A Uighur man looks on as a truck carrying policemen travel along a street during an anti-terrorism oath-taking rally in Urumqi. The characters on the banner read, 'Willingness to spill blood for the people. Countering terrorism and fighting the enemies is part of the police spirit'
China's Xinjiang province is in the far west and Kashgar city has the biggest Uighur population
Uighur security personnel patrol near the Id Kah Mosque in Kashgar in Xinjiang
As part of the anti-halal campaign, Ilshat Osman, Urumqi's ethnically Uighur head prosecutor, penned an essay entitled: 'Friend, you do not need to find a halal restaurant specially for me'.
'We ethnic minorities have taken it for granted that this is a respect for our eating habits. We have not thought about respecting their eating habits,' he wrote.

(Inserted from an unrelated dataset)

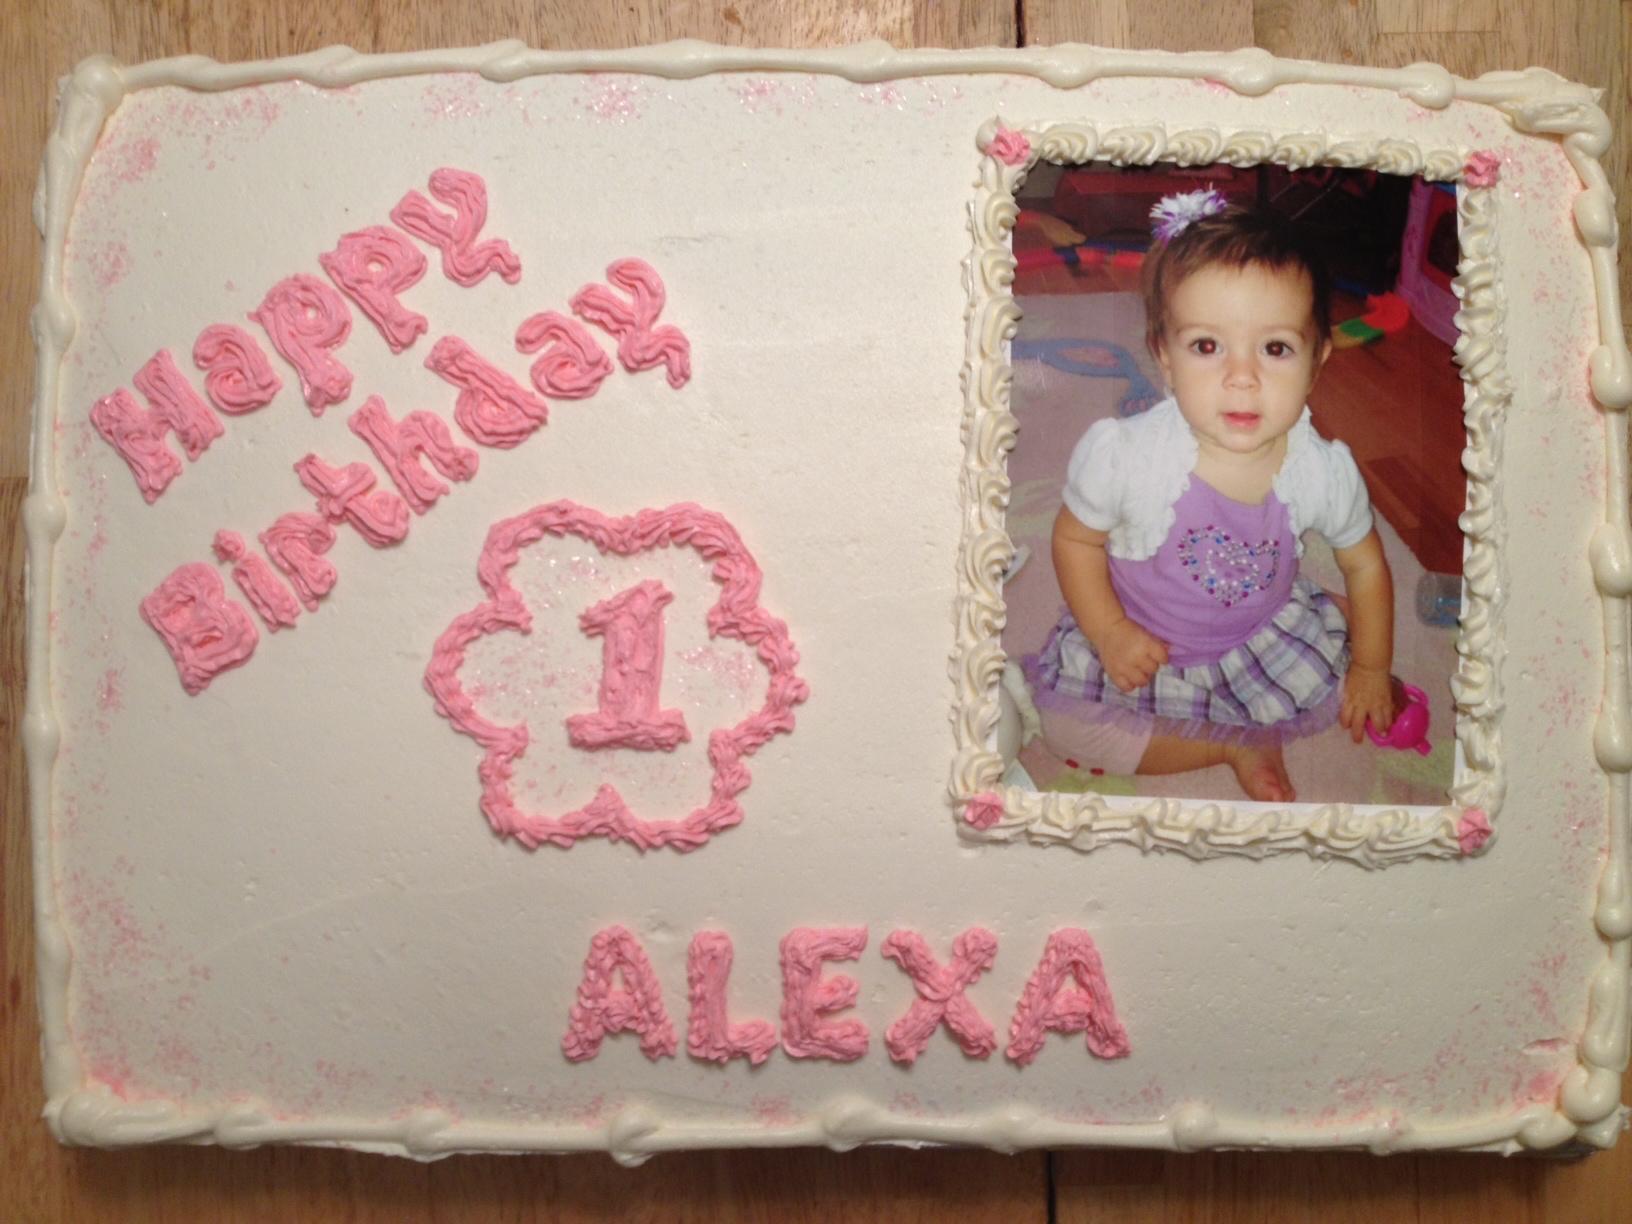 Alexa  1st birthday photo cake  .jpg

He encouraged his Uighur peers who are also party members to eat with their Han Chinese colleagues rather than solely at halal restaurants, adding 'Changing eating habits has a significant and far-reaching impact for countering extremism!'
According to the WeChat post government employees should not have any diet problems and work canteens would be changed so that officials could try all kinds of cuisine.

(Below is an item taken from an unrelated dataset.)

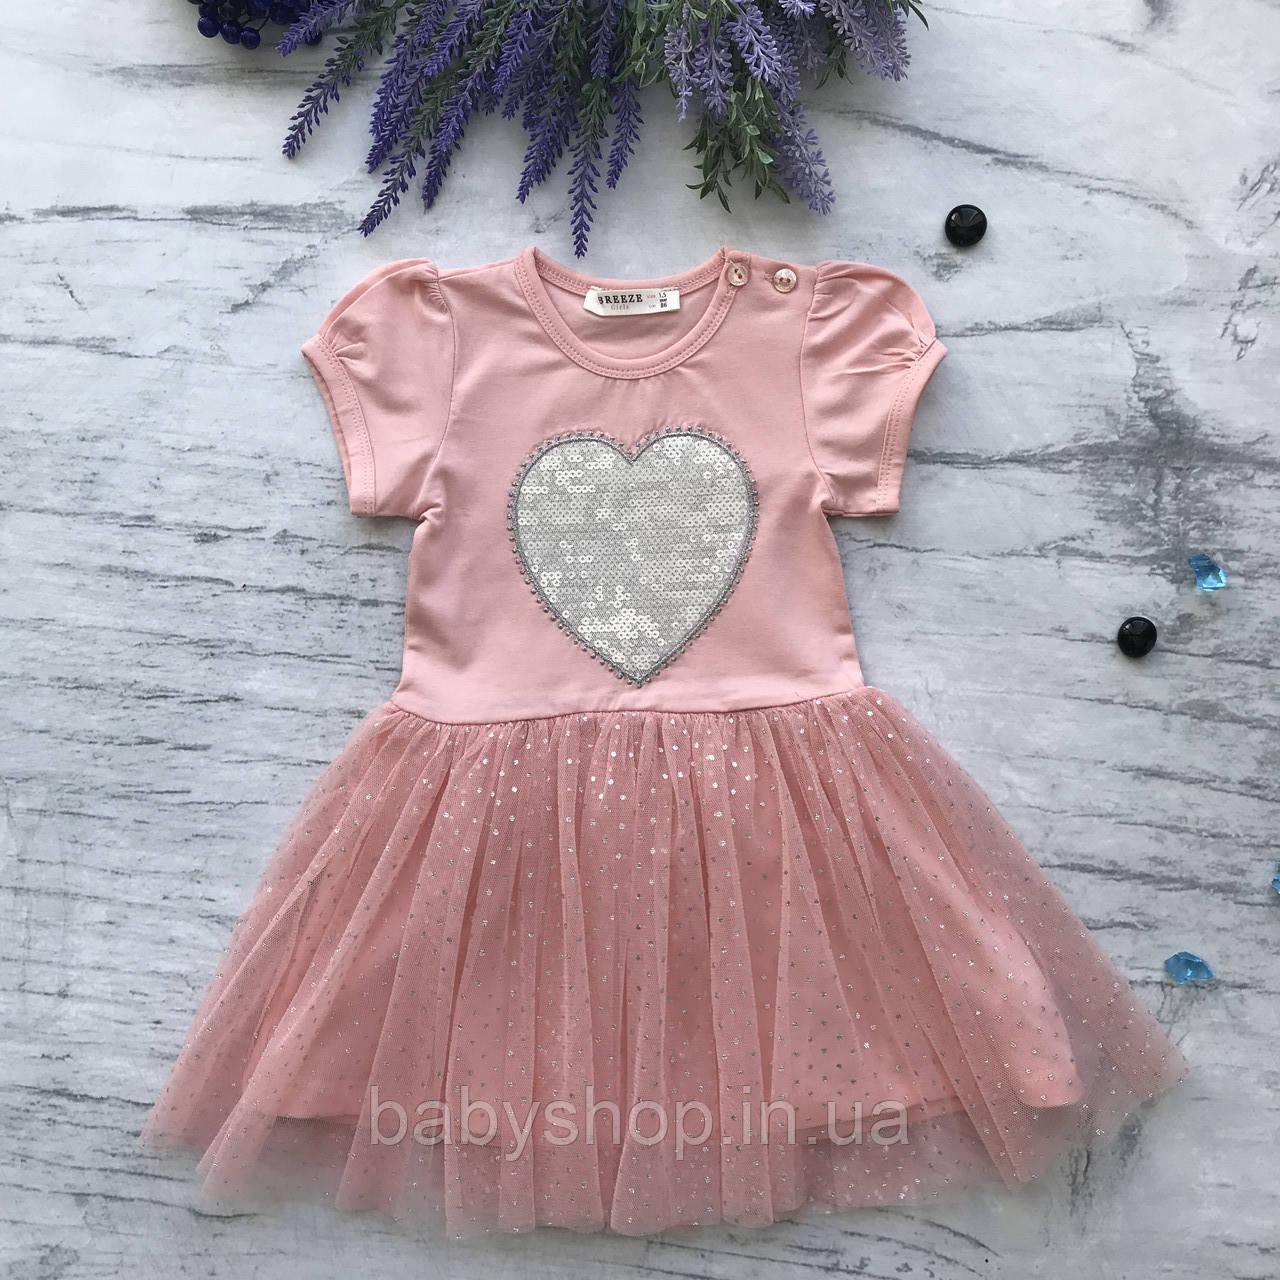 Летнее платье на девочку Breeze 112. Размеры 86 см, 104 см, 110 см

The Urumqi Communist Party leaders also said they would require government officials and party members to firmly believe in Marxism-Leninism, and not religion, and to speak standard Mandarin Chinese in public.
Chinese citizens are theoretically free to practice any religion, but they have been subject to increasing levels of surveillance as the government tries to bring religious worship under stricter state control.
Who are the Chinese Muslims?
Muslims are not a new presence in China. Most of China's Muslim communities, including the Hui, Uygurs and Kazakhs, have lived in China for more than 1,000 years, according to fact tank
Pew Research Center.
The largest concentrations of Muslims today are in the western provinces of Xinjiang, Ningxia, Qinghai and Gansu.
A substantial number of Muslims live in the cities of Beijing, Xi'an, Tianjin and Shanghai.
Chinese Muslim men take part in gathering for the celebration of the Muslim holiday, Eid al-Adha, or the Muslim Feast of the Sacrifice, at the Niu Jie mosque in Beijing, China
They make up about two per cent of the 1.4 billion population in China. However, as the country is so populous, its Muslim population is expected to be the 19th largest in the world in 2030.
The Muslim population in China is projected to increase from 23.3 million in 2010 to nearly 30 million in 2030.
Typically those in the Han Chinese majority, including policymakers in Beijing, have little knowledge about Islam and thus view it as a threat, according to
South China Morning Post.
At the same time, radical Muslim Uighurs have killed hundreds in recent years, causing China to implement even more extreme measures to quash potential separatist movements.
Uighurs in particular have long been used to heavy-handed curbs on dress, religious practice and travel after a series of deadly riots in 2009 in Urumqi, according to the
Financial Times.
Schoolchildren were banned from fasting during Ramadan and attending religious events while parents were banned from giving newborns Muslim names such as 'Mohammed' and 'Jihad'.
Certain symbols of Islam, such as beards and the veil, were also forbidden. Women with face-covering veils are sometimes not allowed on buses. Unauthorised pilgrimages to Mecca were also restricted.